*Excerpted records:*
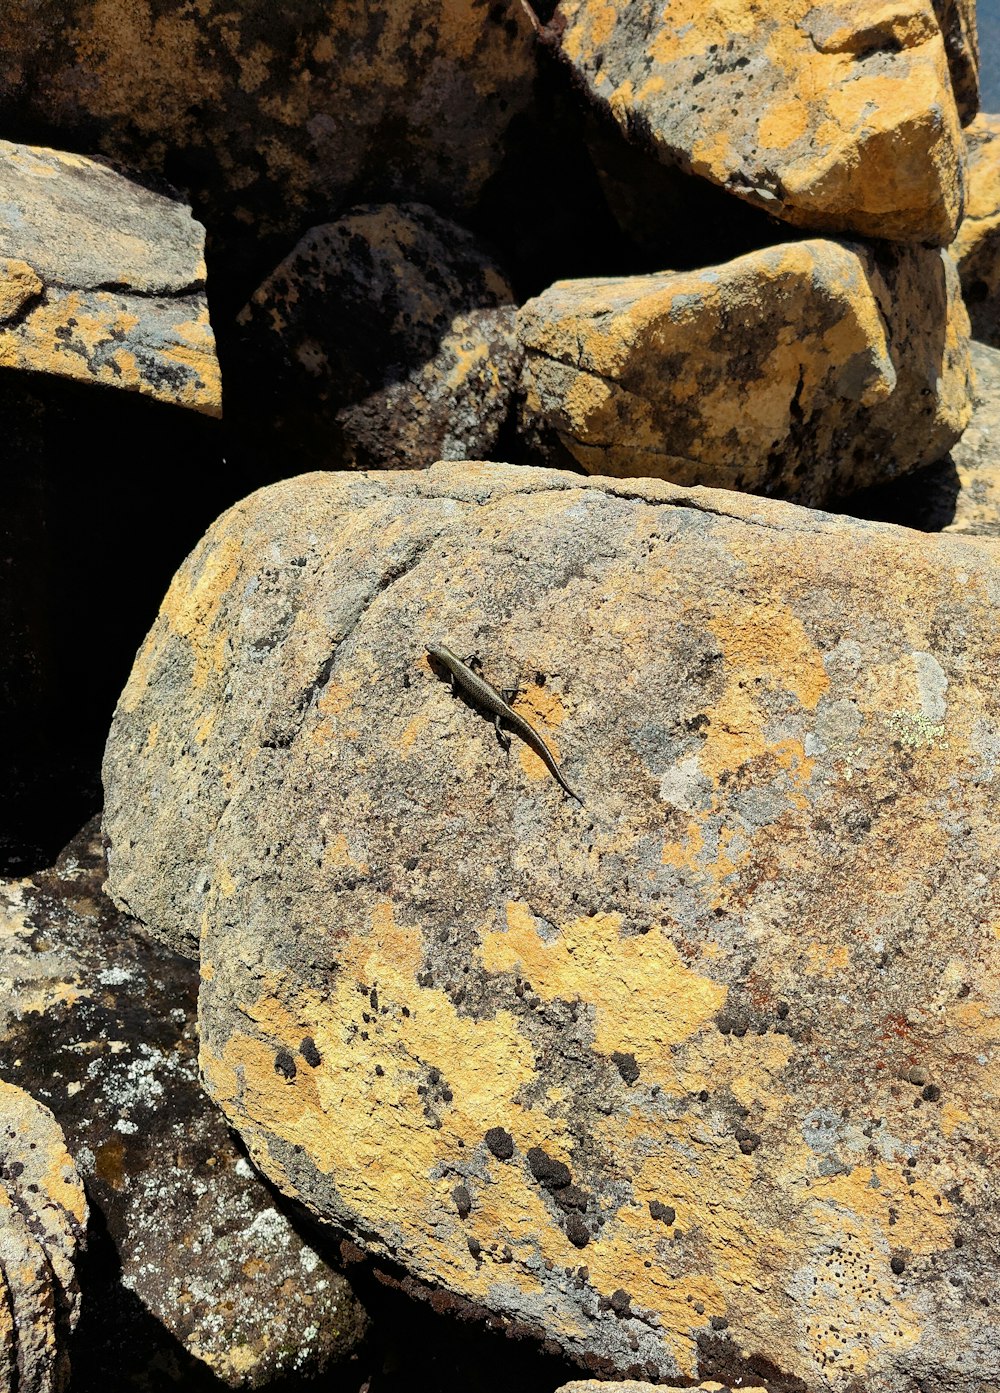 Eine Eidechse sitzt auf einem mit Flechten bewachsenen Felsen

---

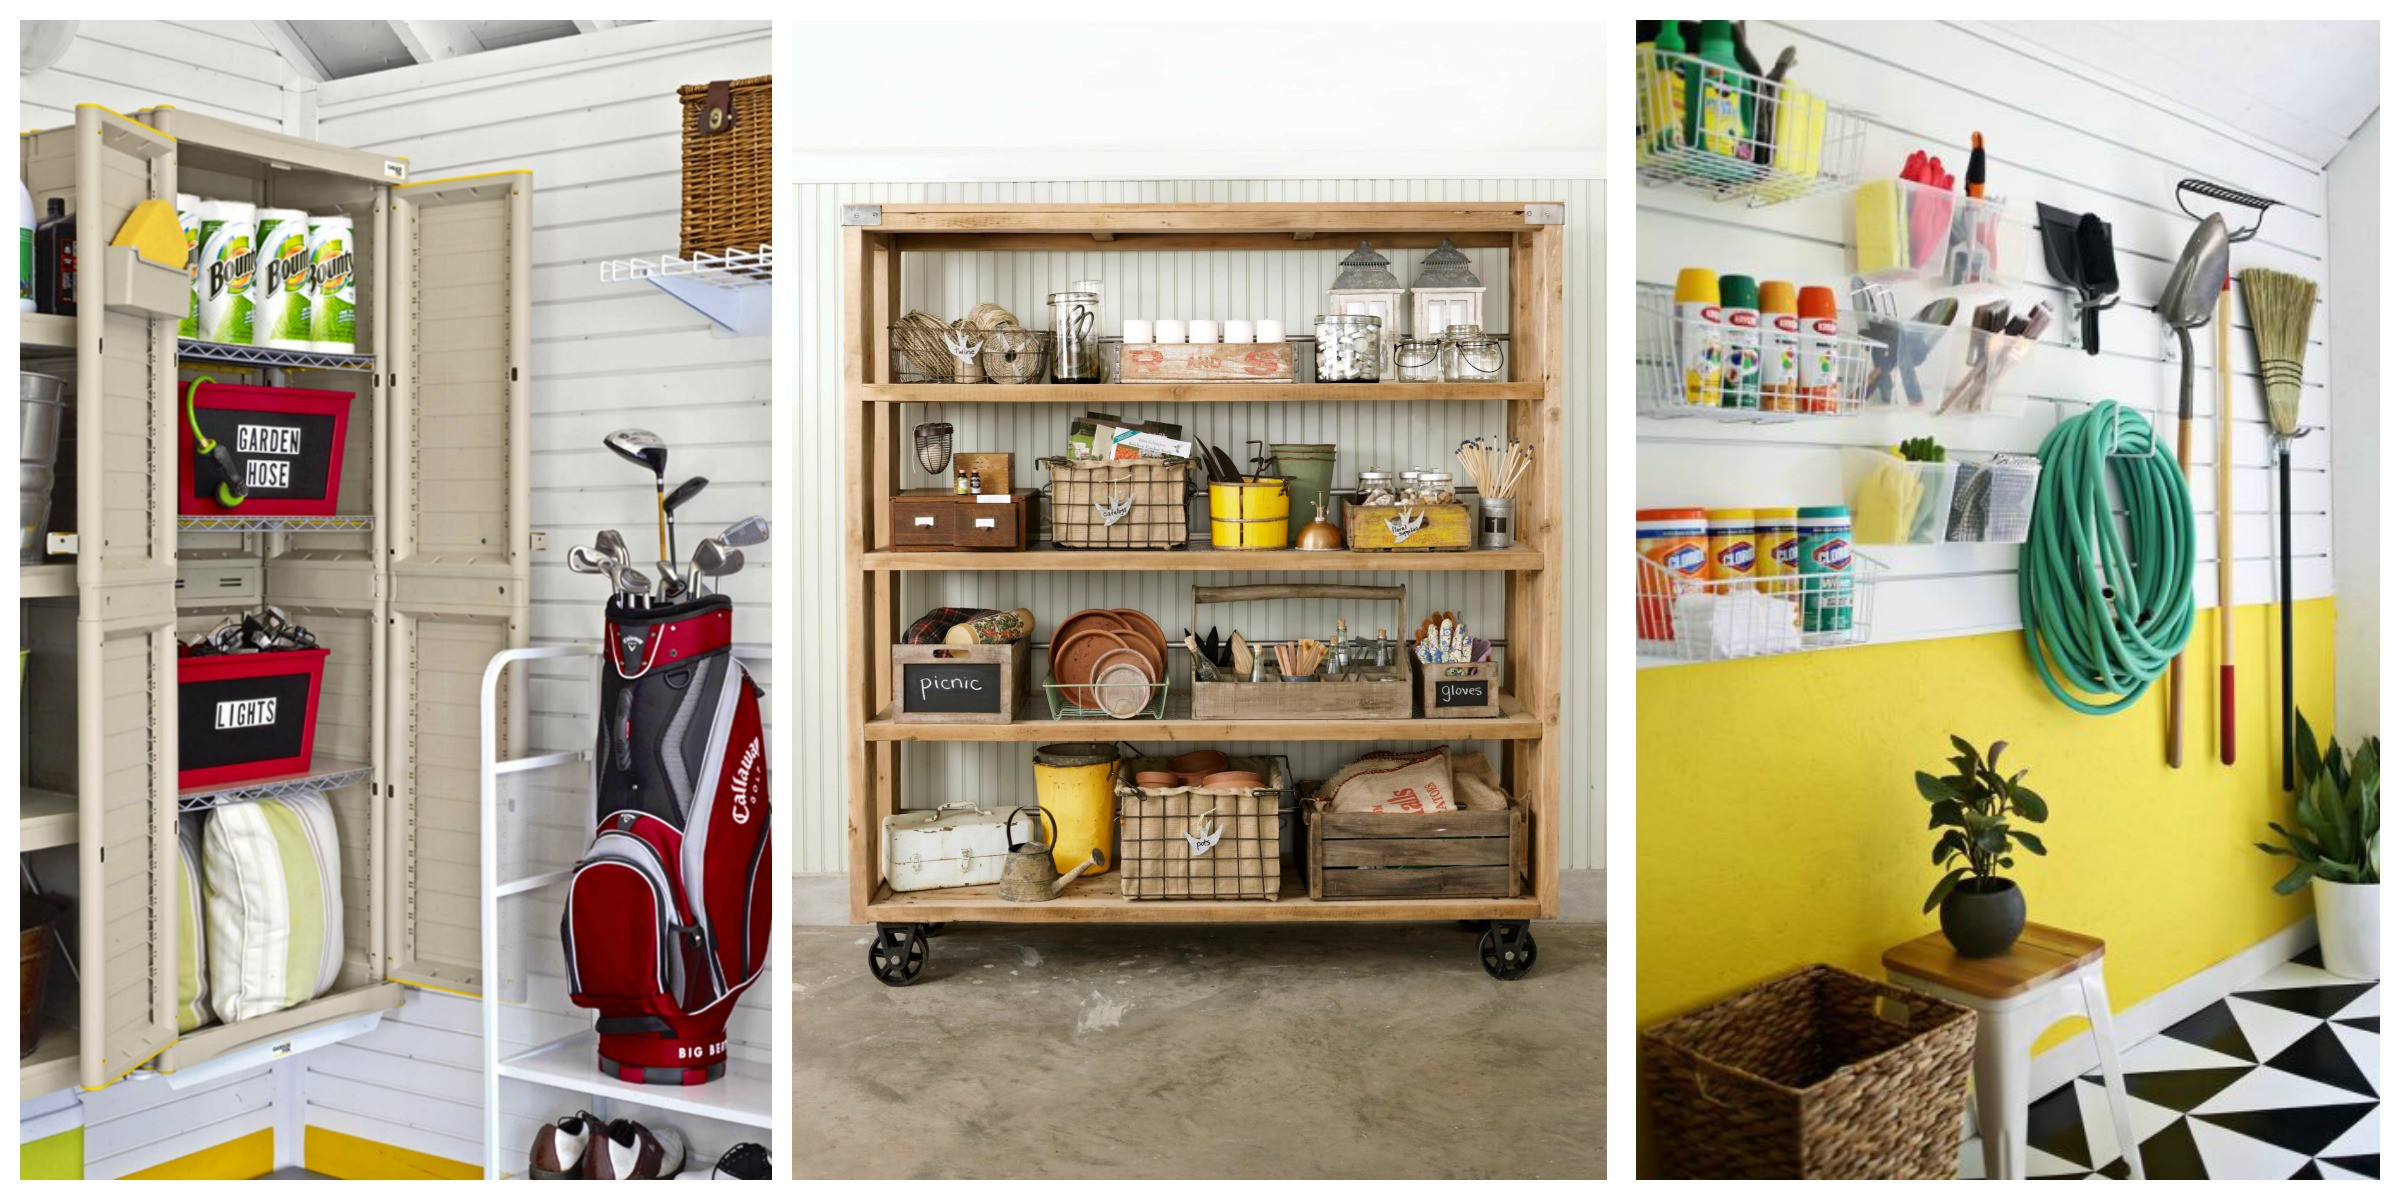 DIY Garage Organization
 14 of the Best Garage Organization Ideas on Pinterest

==

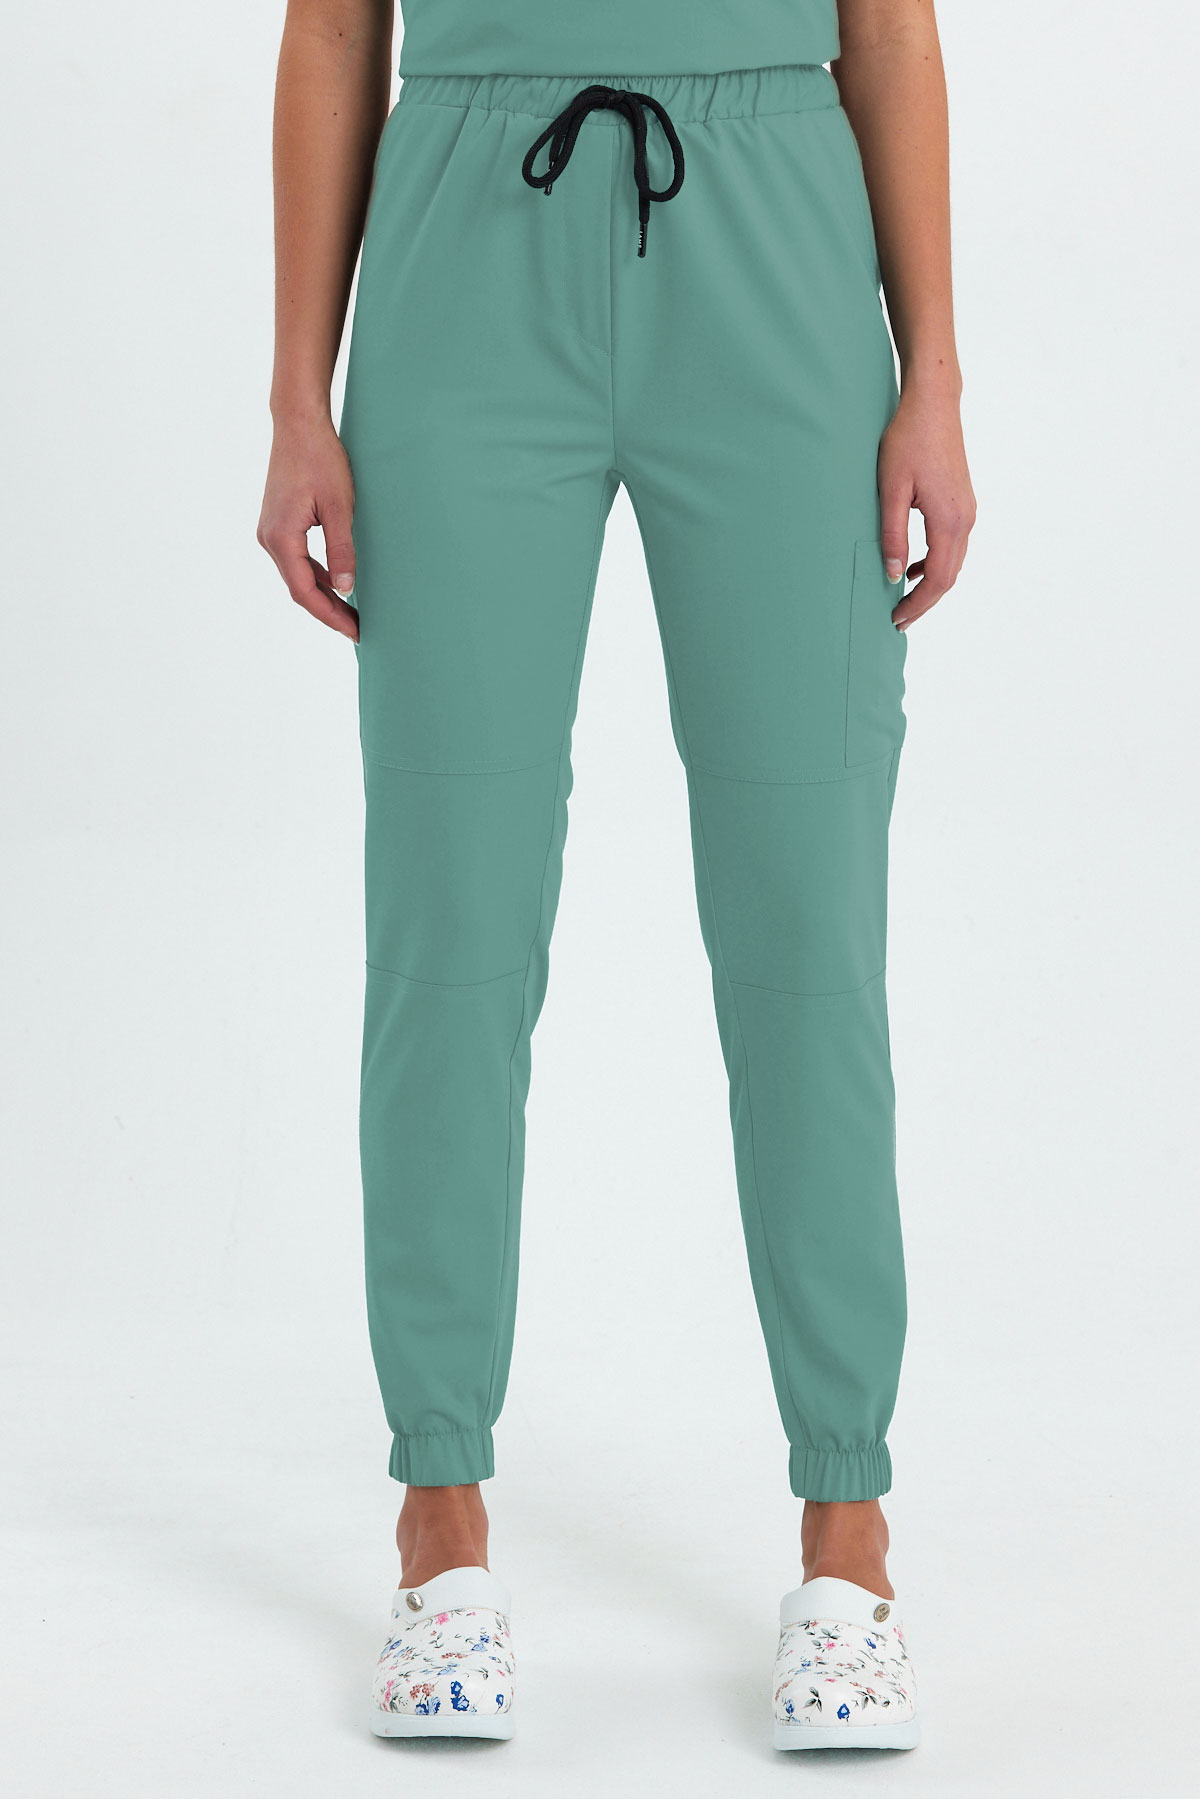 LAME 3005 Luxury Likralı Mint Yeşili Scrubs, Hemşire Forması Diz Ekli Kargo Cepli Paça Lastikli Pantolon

*What you are asked to do:* Although pictures appear among the records above, write out exactly only the lines from the one that has "DIY Garage Organization" through the one that has "14 of the Best", and leave the pictures out.

*Response below:*
 DIY Garage Organization
 14 of the Best Garage Organization Ideas on Pinterest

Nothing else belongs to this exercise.